____ Data provided
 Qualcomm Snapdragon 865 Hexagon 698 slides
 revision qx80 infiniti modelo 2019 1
________
____ Data provided
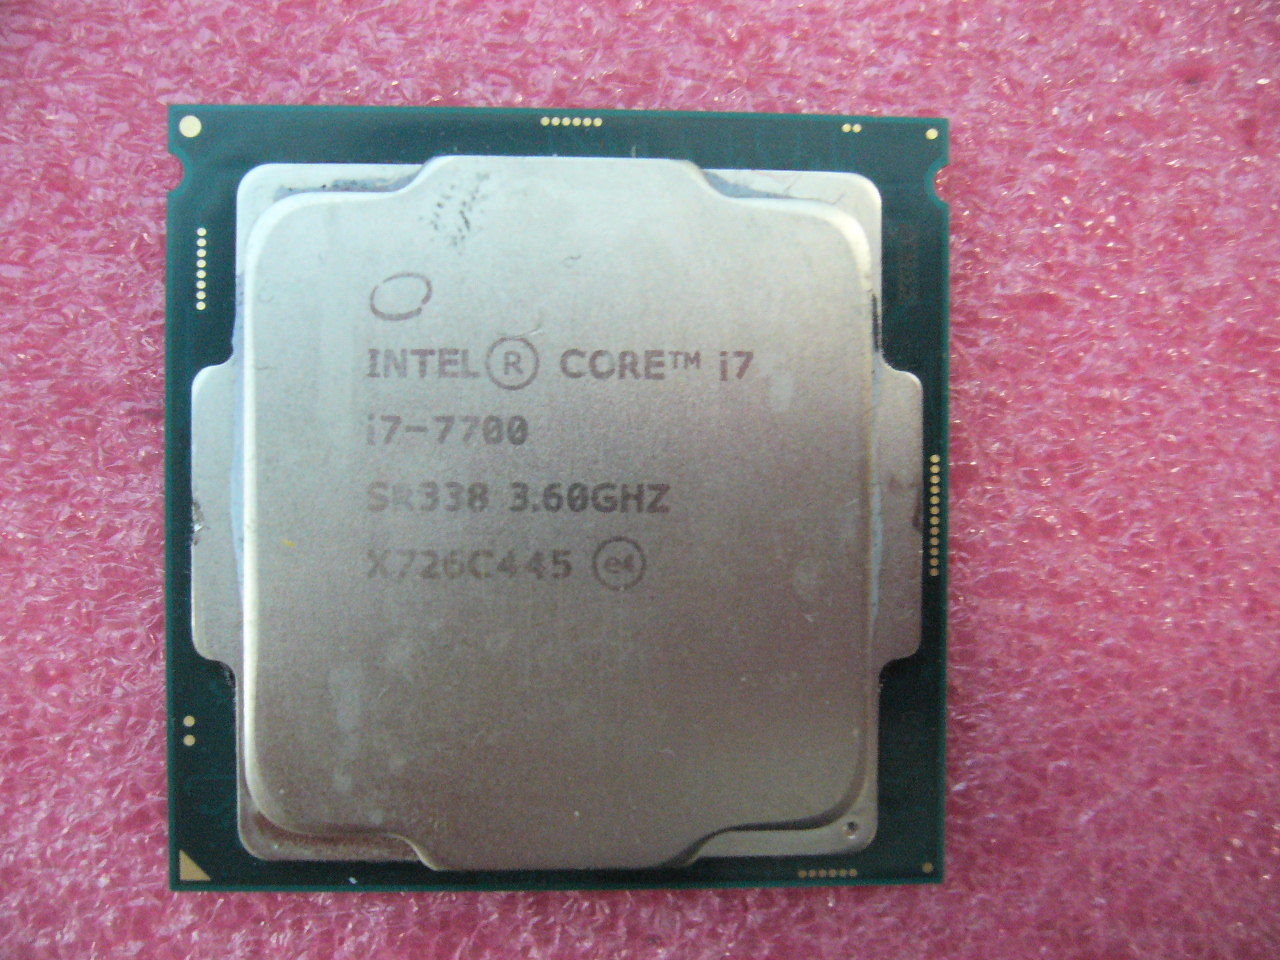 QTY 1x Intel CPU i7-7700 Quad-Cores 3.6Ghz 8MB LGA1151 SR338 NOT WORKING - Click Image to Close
________
____ Data provided
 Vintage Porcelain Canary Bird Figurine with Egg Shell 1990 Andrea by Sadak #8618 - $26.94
________
What is being asked:
Would you quote everything above from the line containing "Qualcomm Snapdragon 865 Hexagon 698 slides" down to the line containing "revision qx80 infiniti modelo 2019 1"? Include both of those lines and nothing else.

Response to this exercise:
 Qualcomm Snapdragon 865 Hexagon 698 slides
 revision qx80 infiniti modelo 2019 1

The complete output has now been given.